Bill, I shot a D3 for a long time (I work almost exclusively with 24mp Fuji now...) and I've got to say that up to about 20"x30" it looked as good as anything I had printed that big from Kodachrome or anything else. Maybe better in some cases.
I used a variety of up-res programs and before that I used a script to automate up-resing in Photoshop CS3 (?) up to 100% in 2% steps. Or maybe it was 5%, I can't remember because I settled on Genuine Fractals an age ago. I print in-house on an Epson 7890 with their 10 ink system at 260-300 dpi. (Don't get me started on what's happening with ink these days.)
On the road I print with a little Canon Selphy at 4x6" and I'm always trying to fix the color. The Epsons are where it's at.

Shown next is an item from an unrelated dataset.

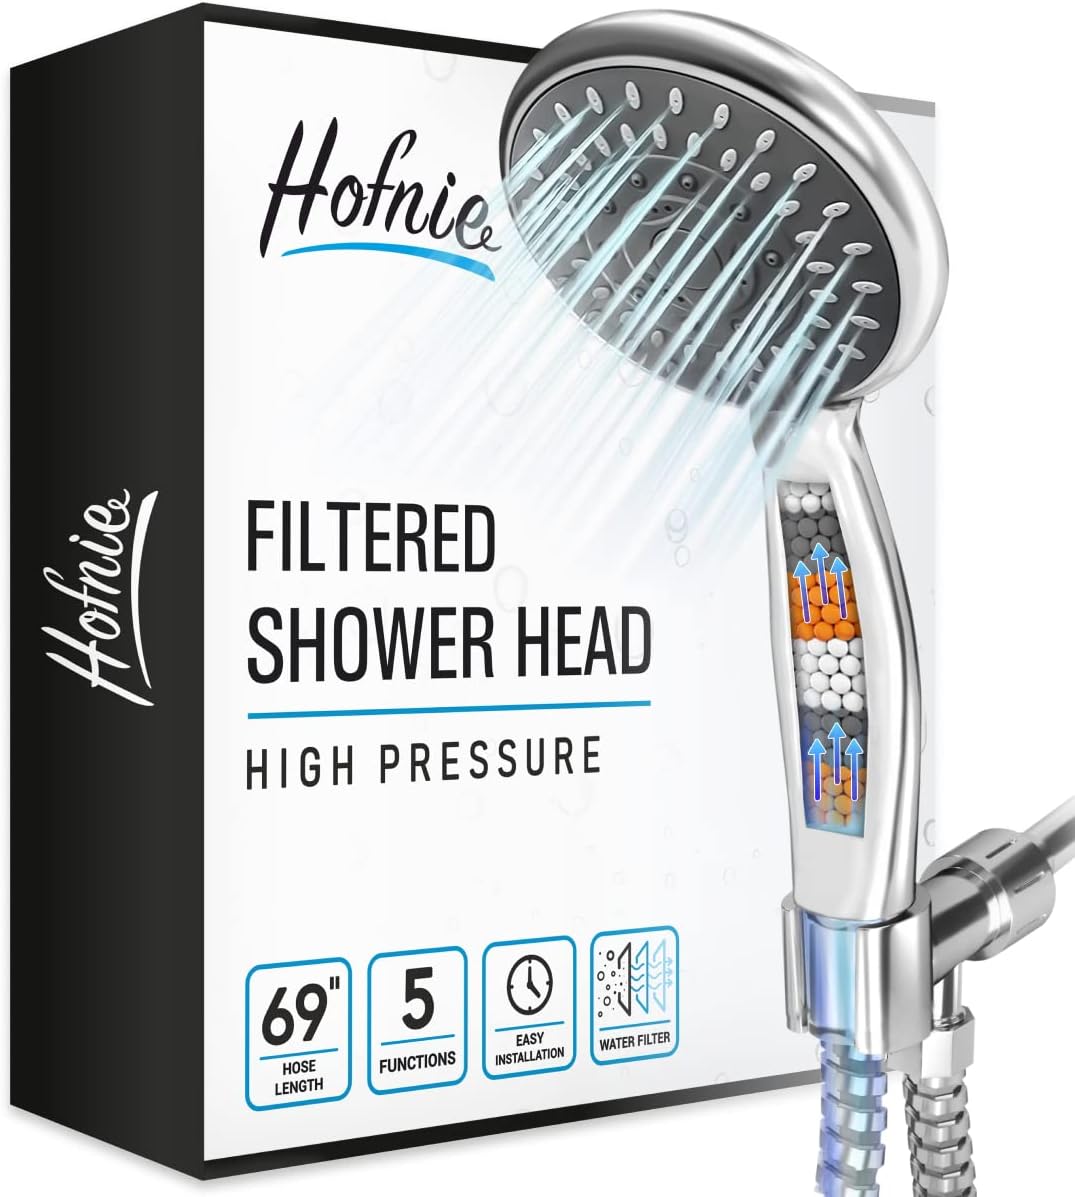 Filtered Shower Head with High Pressure, 5-Mode [...]

Man, I don't know. I really think you might be able to divide the discussion in two.
The first is technical: What do you need for best detail? So, technique aside (because that for sure is my limitation), and leaving out depth of field and content (hair is brutal)....more native pixels is always better at any given print size. So the question really is: How big do you want to print?

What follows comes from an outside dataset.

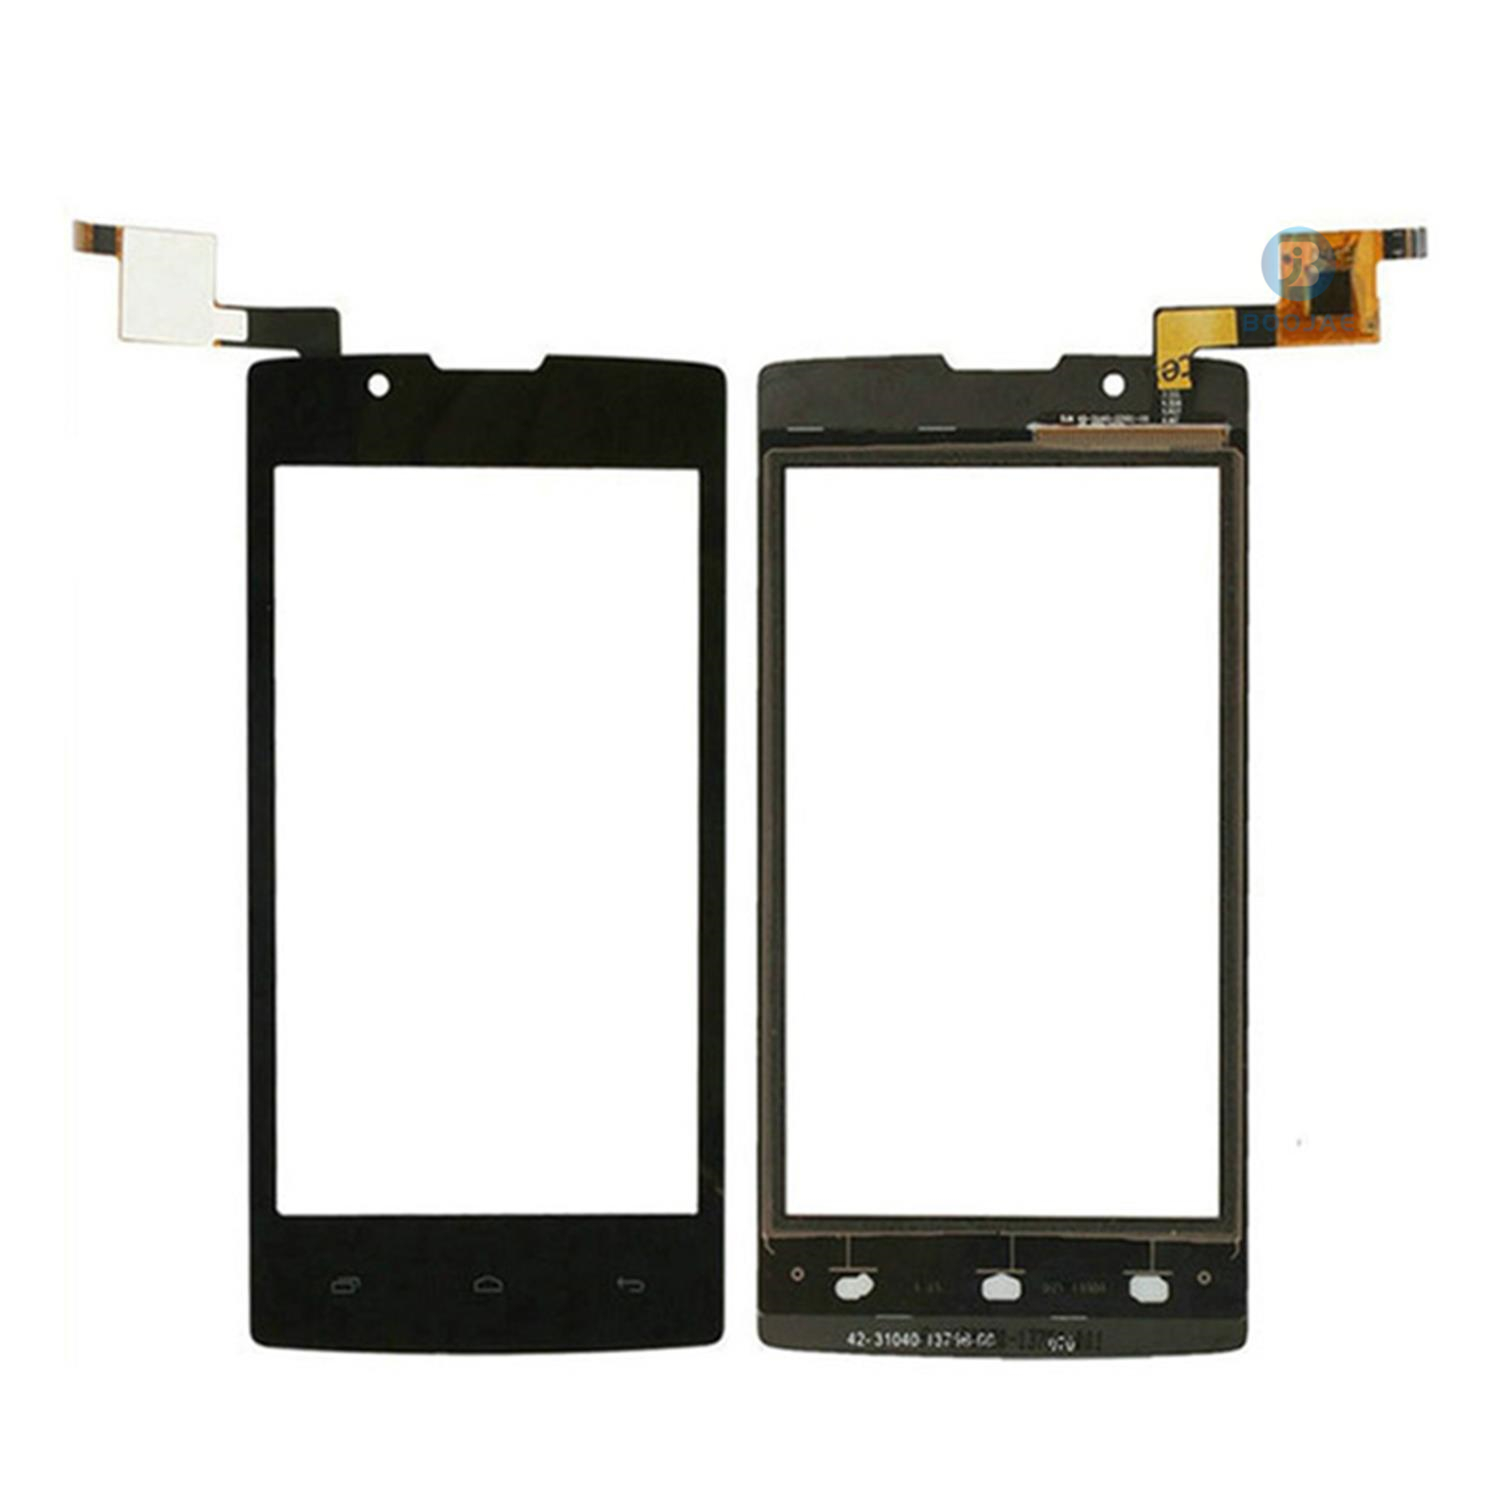 For FLY FS401 Touch Screen Panel Digitizer Replacement High Quality

The second is then: How big can you print? Probably you can print a little bigger than the mathematics suggest but that will be a subjective choice. Usually (for me) a smaller, "tighter" print will blow away a big sloppy print where things are teetering on the edge of posterization or artifact.

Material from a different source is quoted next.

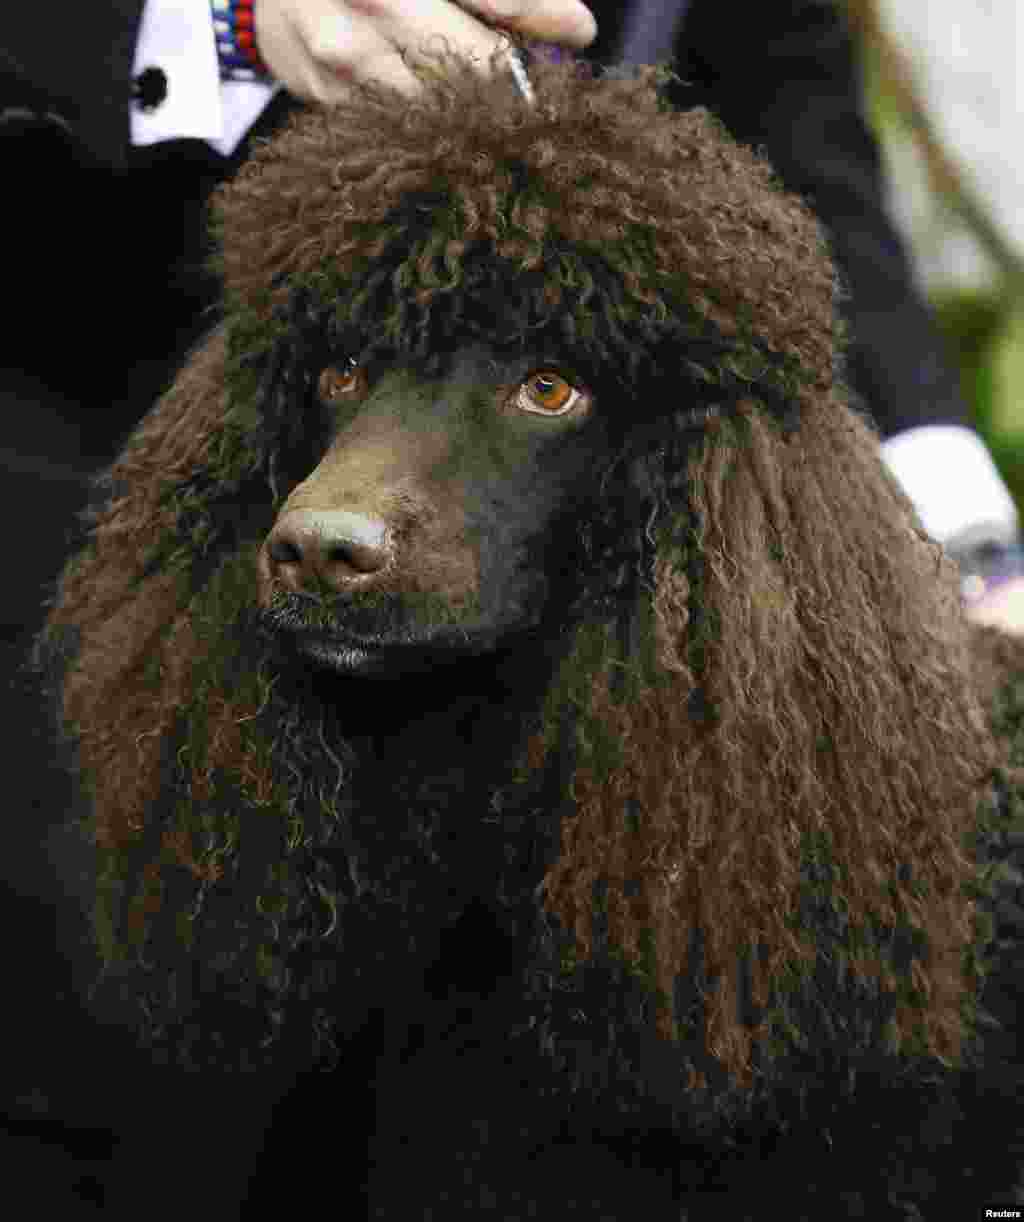 Riley, an Irish water spaniel breed, winner of the sporting group, stands at the 138th Westminster Kennel Club Dog Show, Madison Square Garden, New York City, NY, Feb. 11, 2014.

These days I never print larger (on the Epson) than 12x18 and 24mp seems to do just fine. Even with jpegs right out of the camera although I'll sometimes go back to the RAW file and work it to where I think I remember what it looked like. Again, subjective. And it really depends on content. Large colour-field pieces are usually fine straight out of the camera but portraits usually come from the RAW file.
But here's the thing: maybe I'm a slave to content, but I often have to look at the metadata or the back of the print (only sometimes do I write stuff there, so...) to figure out what camera I shot it with. Which in itself is a sort of irrational quest - what does it matter, especially if I can't tell by looking. Yes, sometimes it's obvious what I shot with an iPhone but sometimes it isn't. Look at David Alan Harvey's work out of the favelas. Some of it is iPhone, some of it M9, some Fuji X100, I think.
Look at Alex Majoli's work with Olympus C8080 cameras after he went digital - It is freaking stellar. Granted much of that I've only seen on a screen which, unless you've got a 4K screen, you're probably not getting the whole picture - detail wise.
Lotsa moving parts, Bill. In the film world, look at Lange's Migrant Mother. Detail shmetail. She "missed" focus ever so slightly if you want to nit-pick, and that means lost detail, but who in their right mind would care? I certainly don't. The only thing that photo makes me care about is how badly we as a society have.....etc. Not a single synapse is devoted, outside of this discussion, to the technical because the content crushes it. How about Capa's D-day work. Boom. And then back to digital there is Moriyama who has made a complete oeuvre out of occasionally omitting detail.
So I guess this is a really long winded expression of what could be summed up by the phrase, "I dunno, love. Depends."
I've been lurking for a long time and really enjoy your column. I've learnt a lot.